Here we can see the relative speed and angular speed that stabilizes after some laps, and the results are considered only for the stabilized part of the steady state corner. Here suspfnsion can see that the relative speeds in red suspensioj longitudinal component of the chassis stabilizes in the second part of the simulation. Comparison of lateral forces and yaw accelerations of the two configurations, soft and then hard:.
A test has been made even with a different stiffness distribution: On the other side low chassis movements sometimes are useful to let the driver feel better the behaviour of the car, even if higher stiffness is penalising the grip, moreover the ground clearance required always in racing limits the use of even softer springs.
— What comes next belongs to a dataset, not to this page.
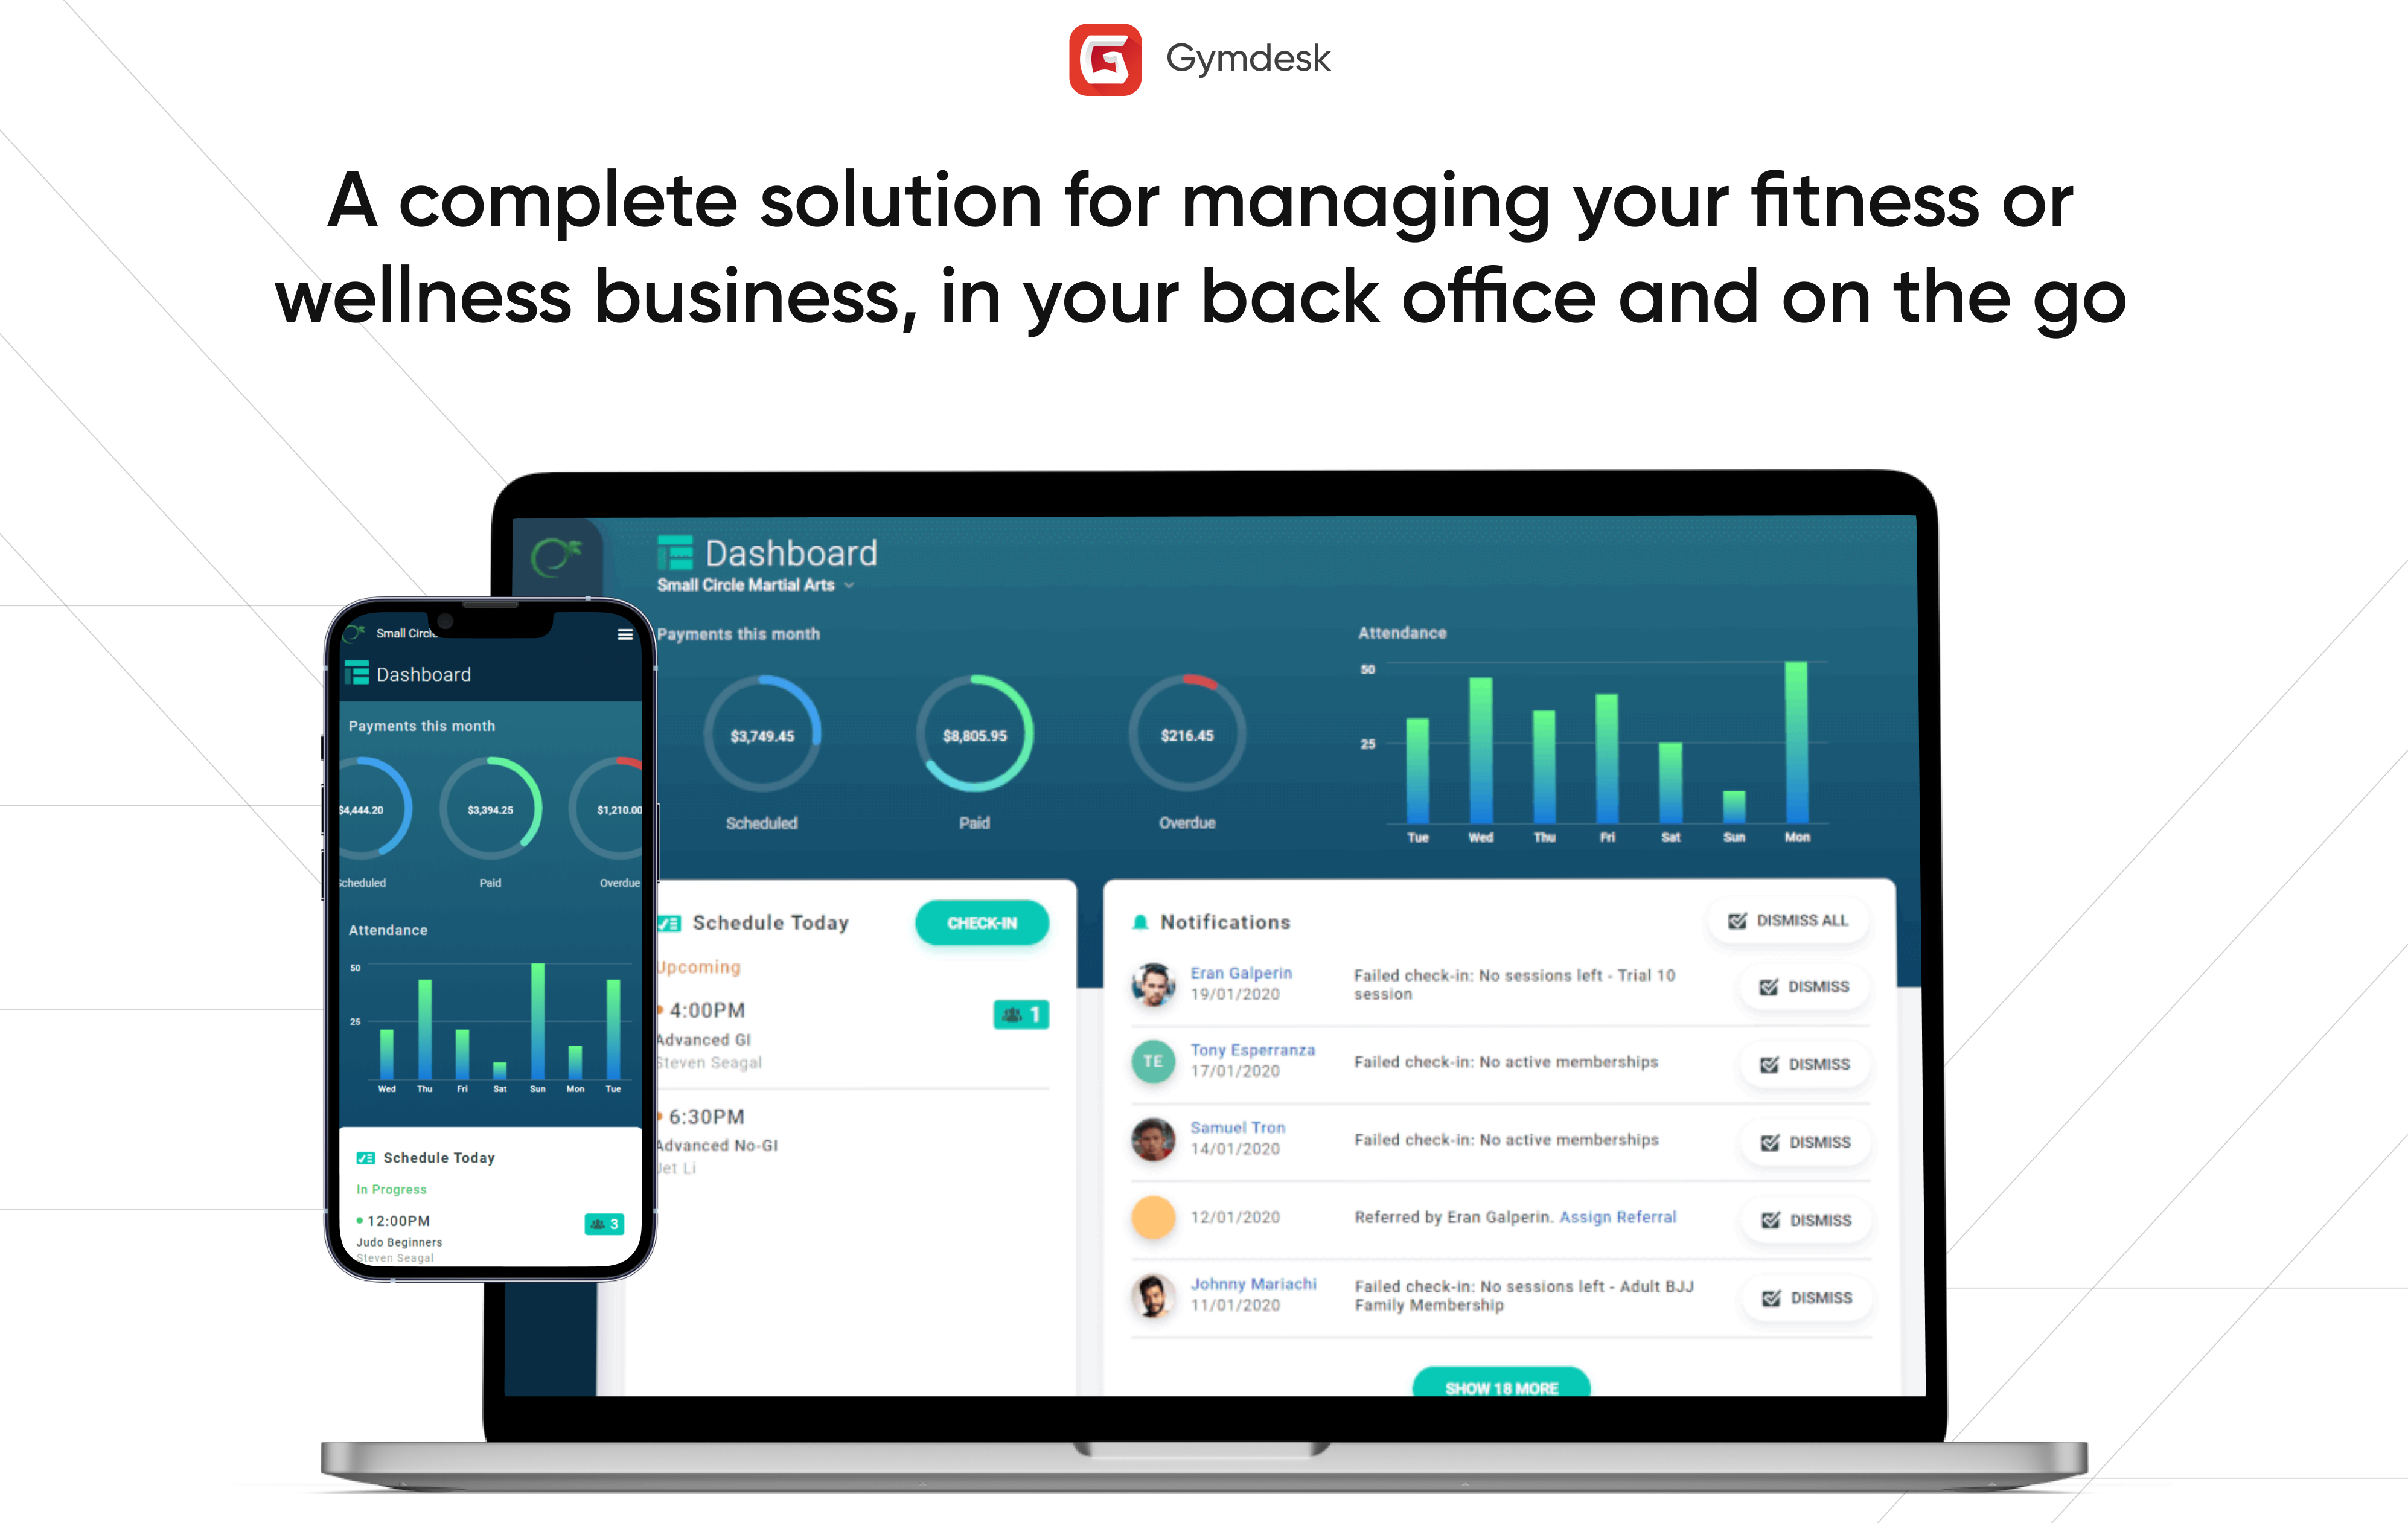 A quick dashboard shows you everything that is happening in your business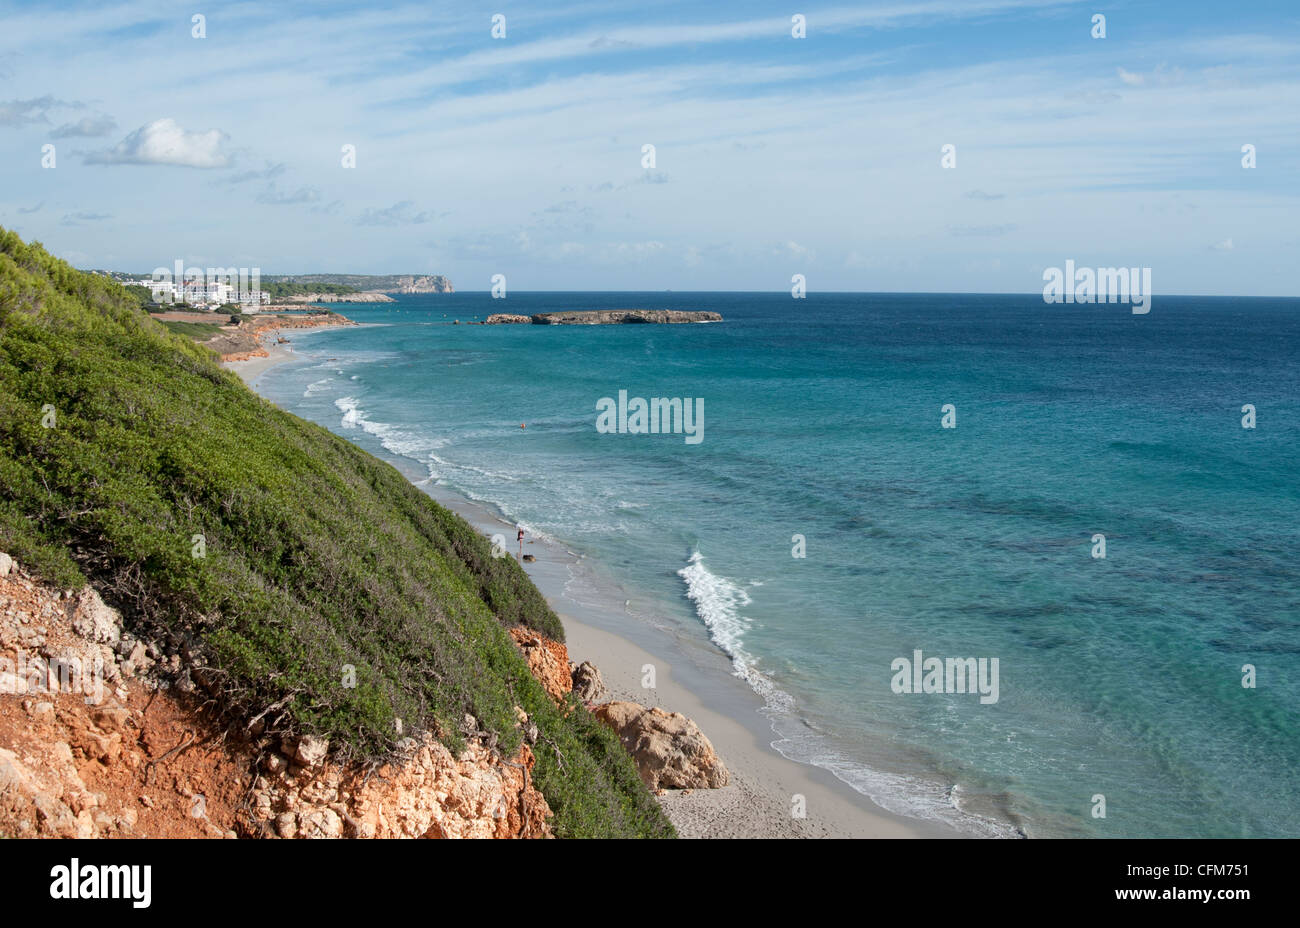 Looking down at the clear blue waters of Binigaus beach from the cliffs near Sant Tomas resort Menorca Spain Stock Photo

In the skid pad the difference between the two configurations is very subtle because of the fact that in steady state is the stiffness distribution, which is the same, that gives you some difference. In fact with softer spring on the front the difference is a little higher, but in every skid pad simulation the grip limits of the car are NOT reached, and consequently, as is evident in the yaw acceleration graphs, the car remains neutral.
It would be interesting to investigate further to see how much is the influence of a different stiffness distribution configuration. All the results of the simulations are valid only for steady state analysis, low stiifness spring and low damping could be bad in transient situations, not only for the driver feeling.
The car right after the Silverstone Event in The tire forces are modeled with a simple tire model with the following parameters: A kerb or a cone hit at speed is a good approximation of a step input Ramp: Note that suspensin input in this case is faae. A1 Soft spring and low damping coefficient: B2 Medium spring and high damping coefficient: C1 Hard spring and low damping coefficient: C2 Hard spring and high damping coefficient: Moreover generally for a driver low chassis movements are better for the feeling.
Eigenvectors and eigenfrequencies calculation: Video of the Eigenmode of the chassis at 3. Soft configuration; normal tire supsension and displacements of rims and chassis: Hard configuration; normal tire force and displacements of rims and chassis: Response to the sine function: Comparison of lateral forces and yaw accelerations of the two configurations, soft and then hard: Web design by paomedia.